There is a wonderful scene in the peerless 1980’s UK comedy Yes Prime Minister where the wily Permanent Secretary for the Department of Administrative Affairs Sir Humphrey Appleby is given the results of a piece of research which he doesn’t like. The Principal Private Secretary, Bernard Woolley gives him the bad news “The party have had an opinion poll done and the majority of voters are in favour of bringing back national service.” Without blinking Sir Humphrey replies “Well have another opinion poll done showing the voters are against bringing back national service!”
The brilliant script and impeccable timing ensure that the scene has lost none of its poignancy thirty years later, and like the very best comedy its funniness lies in its accurate portrayal of the truth.
The truth it points to is that in any programme of research, there will be outcomes which suit us, and outcomes which don’t. And like Sir Humphrey, our desires to get the outcomes which suit us can be almost overwhelming.
This presents a significant challenge for those of us involved in high–performing design.
Imagine for a moment you are a product designer, and six users are scheduled imminently to carry out usability testing on your prototype. How would you like that test to go? Well, if you are anything like the author, you would like the test to go brilliantly. You will want your users to say how easy the product is to use, how innovative it is, how powerful yet simple its interface is, and so on.
And it’s not just the author who feels this way. Many people involved in design vest a little of themselves in their work and it’s only human that we want it to be effective.
This subconscious bias can manifest in research involving too–easy usability tests, setting the wrong scenarios and tasks and asking leading questions.
In order to avoid the bias of setting up research to reinforce our pre–set ideas, digital leaders must seek to build cultures where it is OK to be wrong, and where finding out that you are wrong is encouraged. Just as the best of science is based on publishing findings to be peer–reviewed, so the best of design must be based on user–review as a means of road–testing design.

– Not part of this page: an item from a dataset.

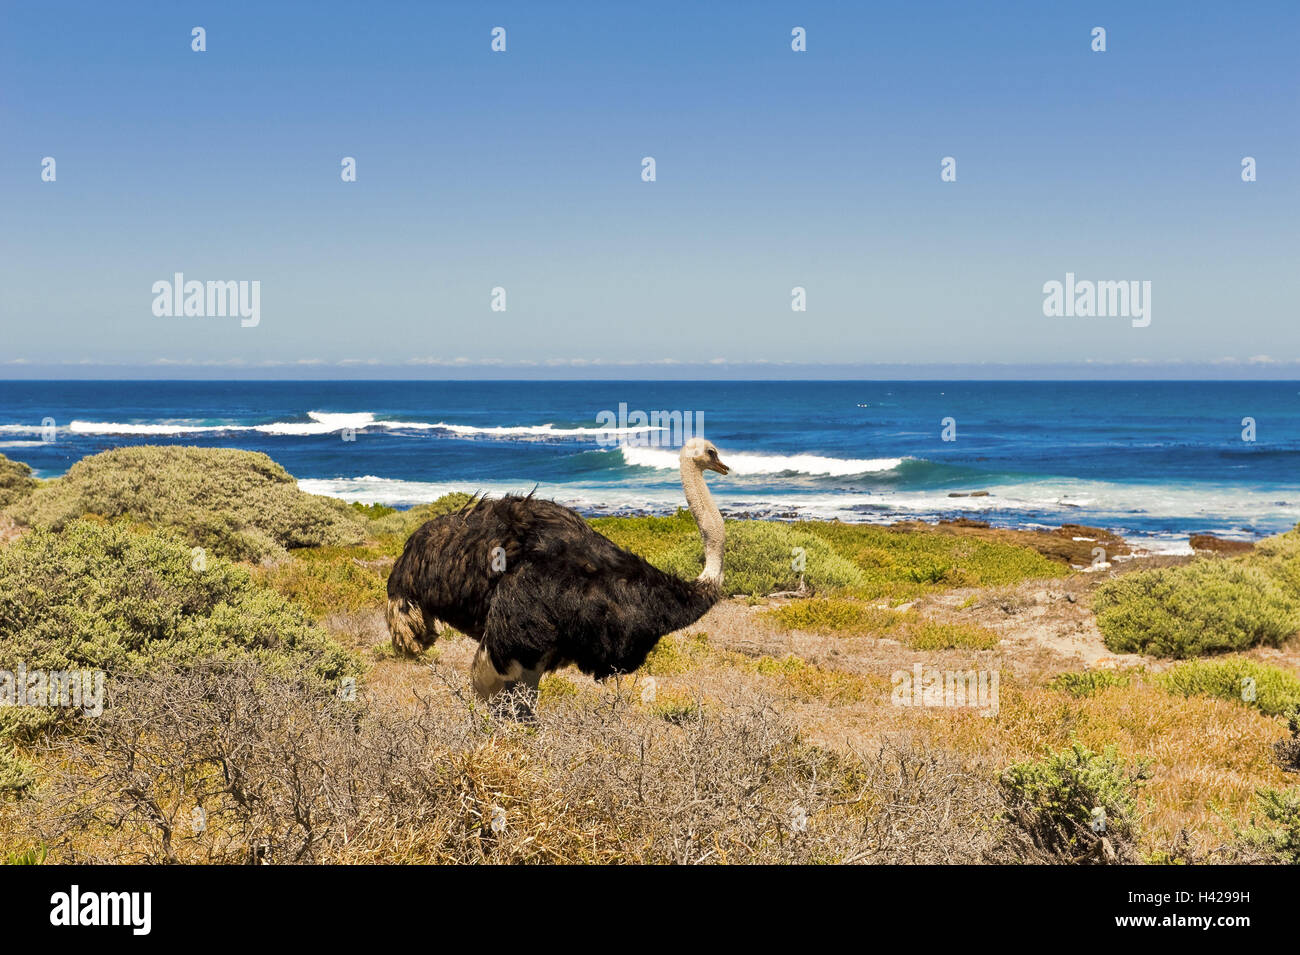 South Africa, Western Cape, Cape of Good Hope Nature Reserve, coast, ostrich, sea, Stock Photo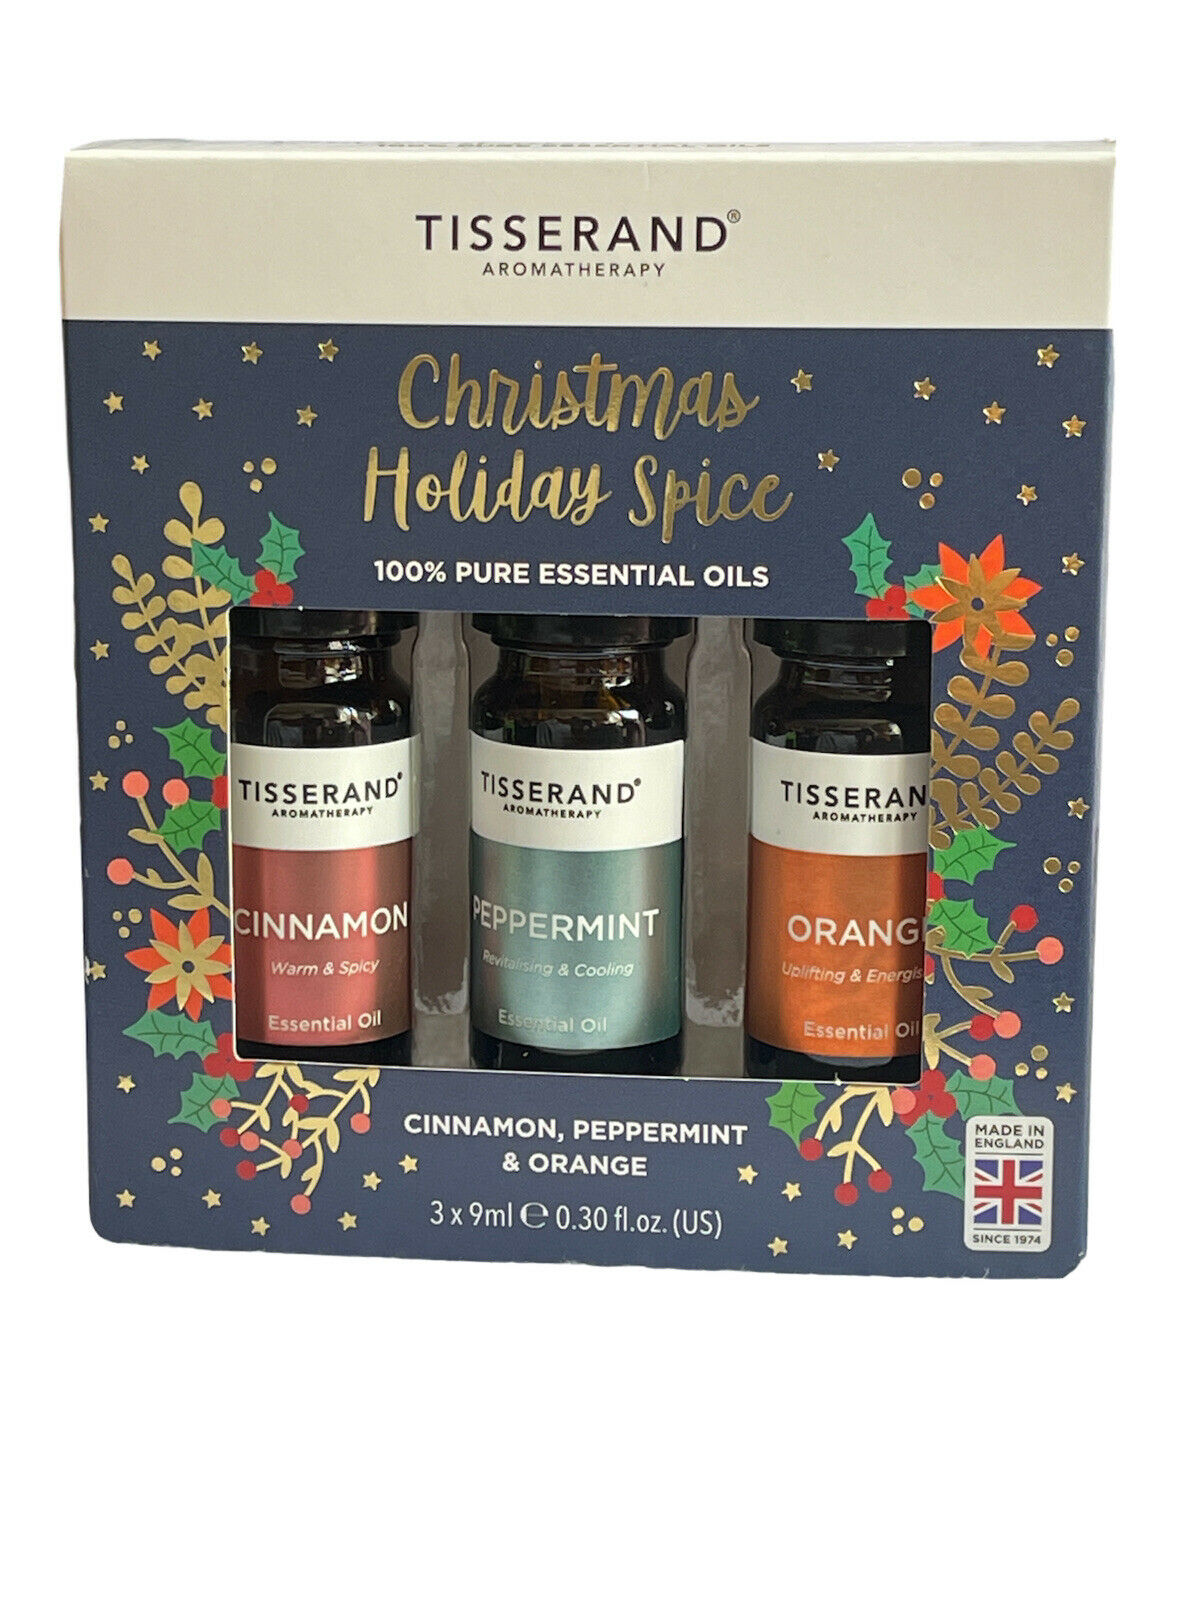 Tisserand Christmas Holiday Spice Aromatherapy Essential Oils (9ml) 3 Pk

The language of design has evolved to support this and two phrases in particular resonate with this author as particularly helpful.
Design hypothesis not design
All design is a hypothesis until it has been tested by a user and therefore it should be a called a design hypothesis and not a design until such times as that has happened. It serves as a helpful reminder to teams that the design is merely hypothesis – a prediction – until such time as that prediction has been proven right or wrong.
User testing not user validation
Few designers will argue against user feedback as an essential part of the design process, however it is more helpful to call this user testing than user validation. User validation infers that you are engaging with users to validate your work – tell you that you are right – whereas what you really need is users to test your work – tell you where you are wrong. It is a subtle but important aspect of the role of user input.
It is a curious characteristic of humans that we love being wrong. In a room of 100 people, where 50 believe in a religion and 50 believe in no religion, through simple mathematics, by definition 50 of them must be wrong. Yet those 50 people hold on to their wrongness with fervour and enthusiasm. It’s not being wrong that we find so difficult, it’s finding out that we are wrong that stinks.
Being fervent and wrong kills design. That’s why the best design teams make it as easy as it can be to be wrong. Subsequently, we need to change how we talk about design.